Payroll was processed late. Paychecks written out to victims were deposited directly into bank accounts held by the traffickers.
Used at least 3 legal business entities – as each business attracted attention from government agencies, new ones were established.
Committed tax fraud by signing and filing tax forms containing false information – understating the number of employees and their total wages.
James Vernon Joseph, Jr. aka Spyder and his partner, Avisa Lavassani, trafficked people for sex for more than 15 years, in cities around the country. When a victim tipped law enforcement off, the investigation triggered a wiretap of the operation that found a complex payment scheme. Spyder accepted credit cards on behalf of the people under his control. The credit card payments were laundered through a business that provided tutoring to children ages kindergarten through sixth grade, handled by an associate. Financial evidence helped secure the conviction of Joseph. He was convicted of sex trafficking, conspiracy, and rape sentenced to 174 years to life. Financial evidence helped secure his conviction.
32 accounts were used at 5 different banks and a tutoring center was used to collect credit card payments.
26 different businesses were used in the money laundering scheme.
The estimated annual revenue was between $650,000 and $1,300,000.

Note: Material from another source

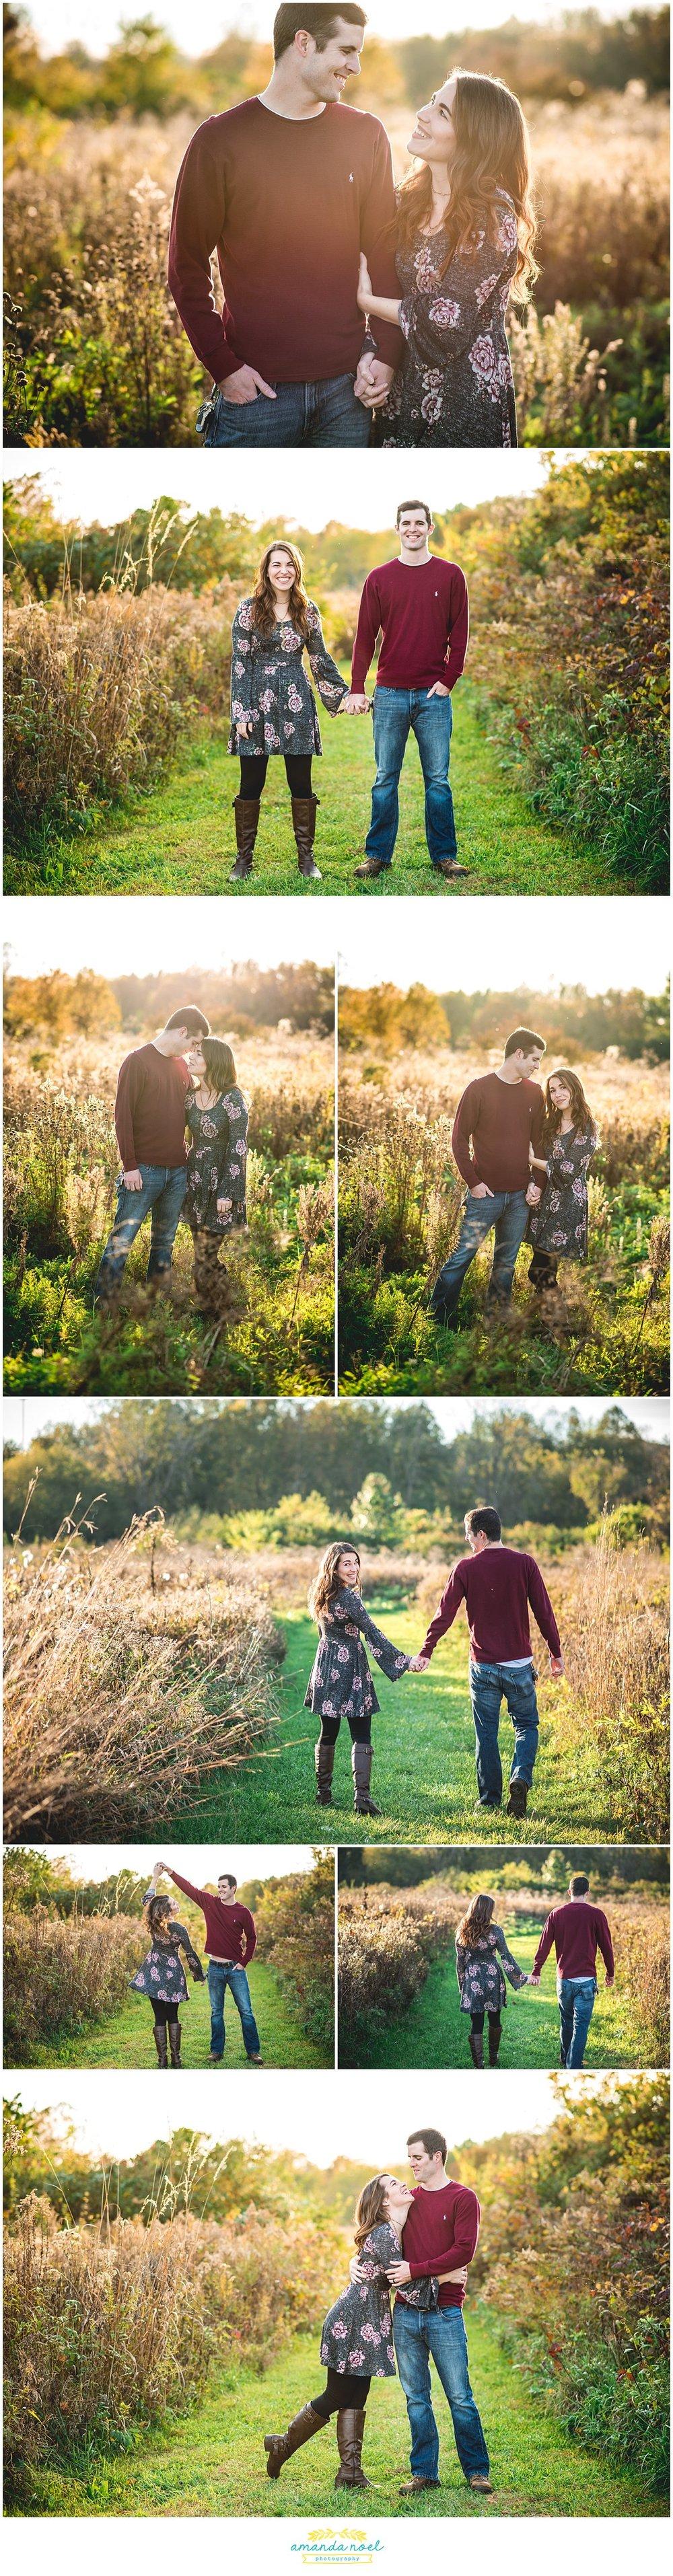 Columbus-Ohio-couple-photographer-fun-session-in-a-field

An active-duty police officer who owned a private security company on the side was accused of a number of crimes against his workers including wage theft. According to official reports on the case, at least one employee reports being threatened with deportation if she complained about workers’ compensation for an on-the-job injury. He also allegedly hid approximately $8.09 million in payroll over 3 years and avoided hundreds of thousands of dollars in tax liability and insurance premiums. Foster has been charged with insurance fraud, wage theft, money laundering and a number of other felonies. This case is still ongoing.
MULTIPLE FELONY CHARGES
Charged with insurance fraud, wage theft, money laundering and 39 other felonies including white-collar crime enhancement and extortion.
MILLIONS IN PAYROLL
Believed to have hidden approximately $8.09 million in payroll over 3 years and avoided over $500 thousand in tax liability and insurance premiums.
THREATS AND MISINFORMATION
Allegedly underreported employee injuries and threatened injured employees with deportation when seeking workers’ compensation.